_The problem:_ Nothing but the text should be carried over: reproduce all the data exactly and leave out every image.

_Data for this exercise:_
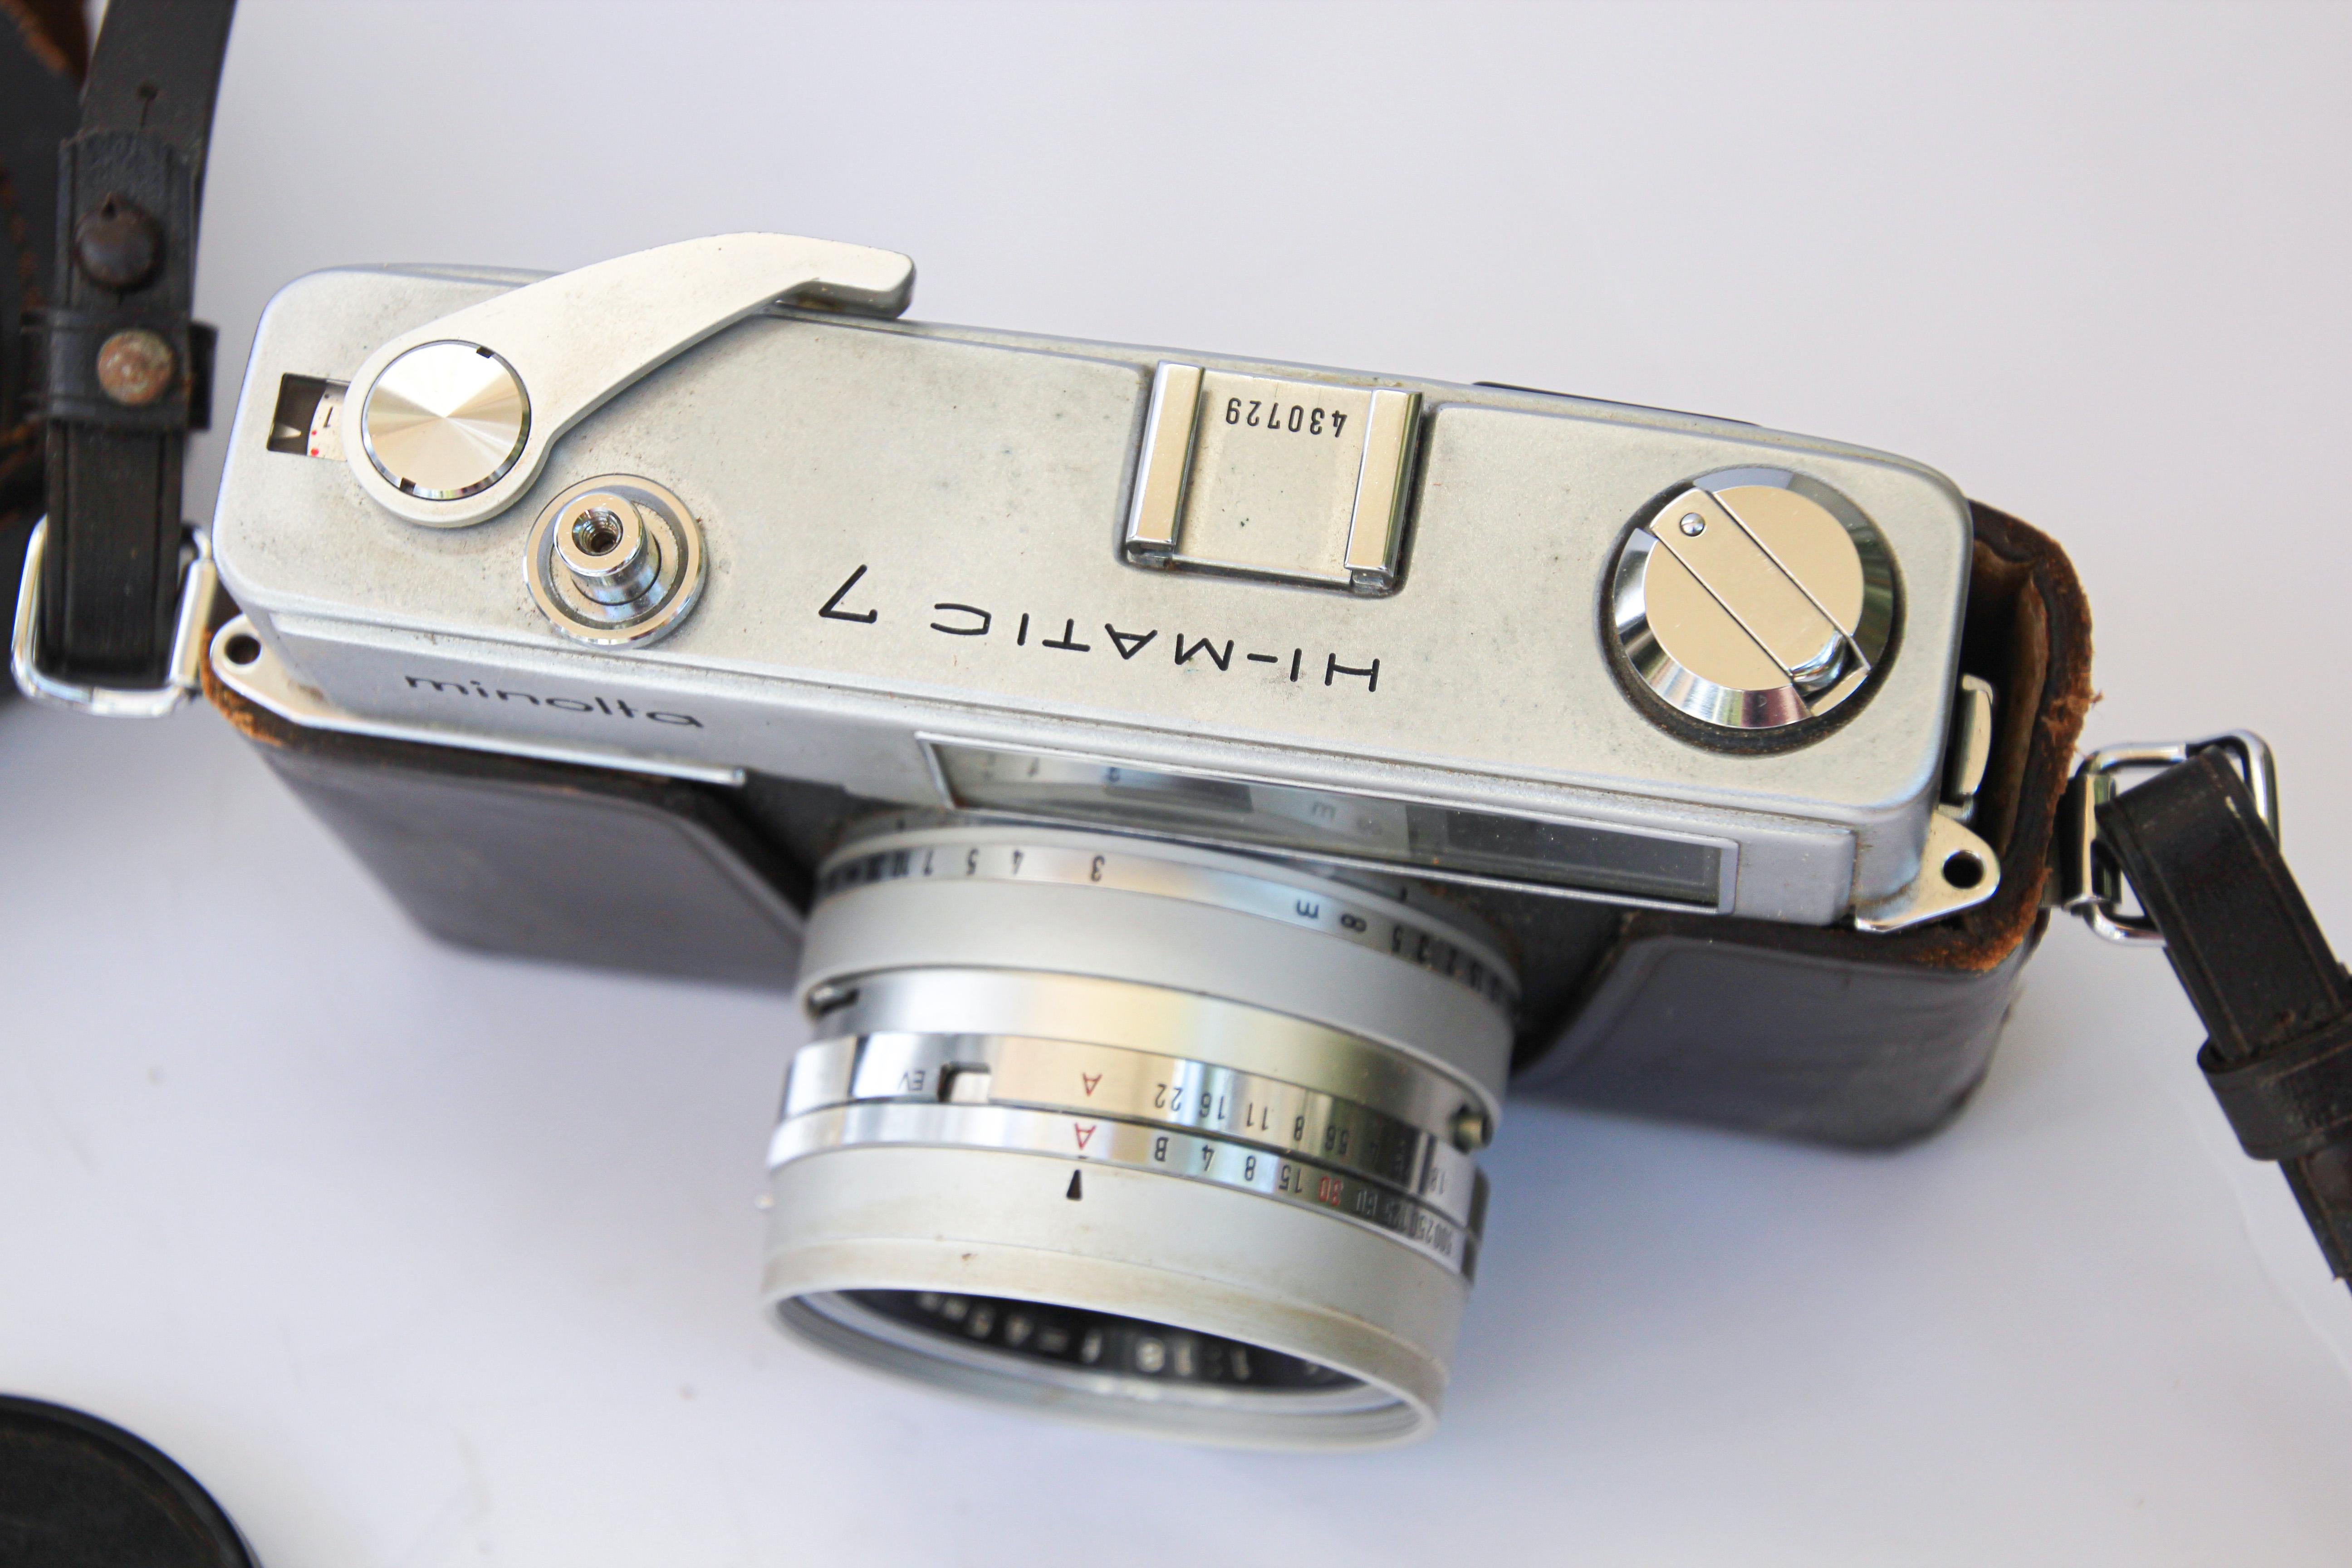 Collectible vintage 1960s Minolta HI-MATIC 7 35mm film camera in hard leather case.
A technologically advanced vintage film camera.
With original leather case and strap and the original machined lens cap,
Made in Japan.
Great for a collector or

_Answer to the exercise:_
 Collectible vintage 1960s Minolta HI-MATIC 7 35mm film camera in hard leather case.
A technologically advanced vintage film camera.
With original leather case and strap and the original machined lens cap,
Made in Japan.
Great for a collector or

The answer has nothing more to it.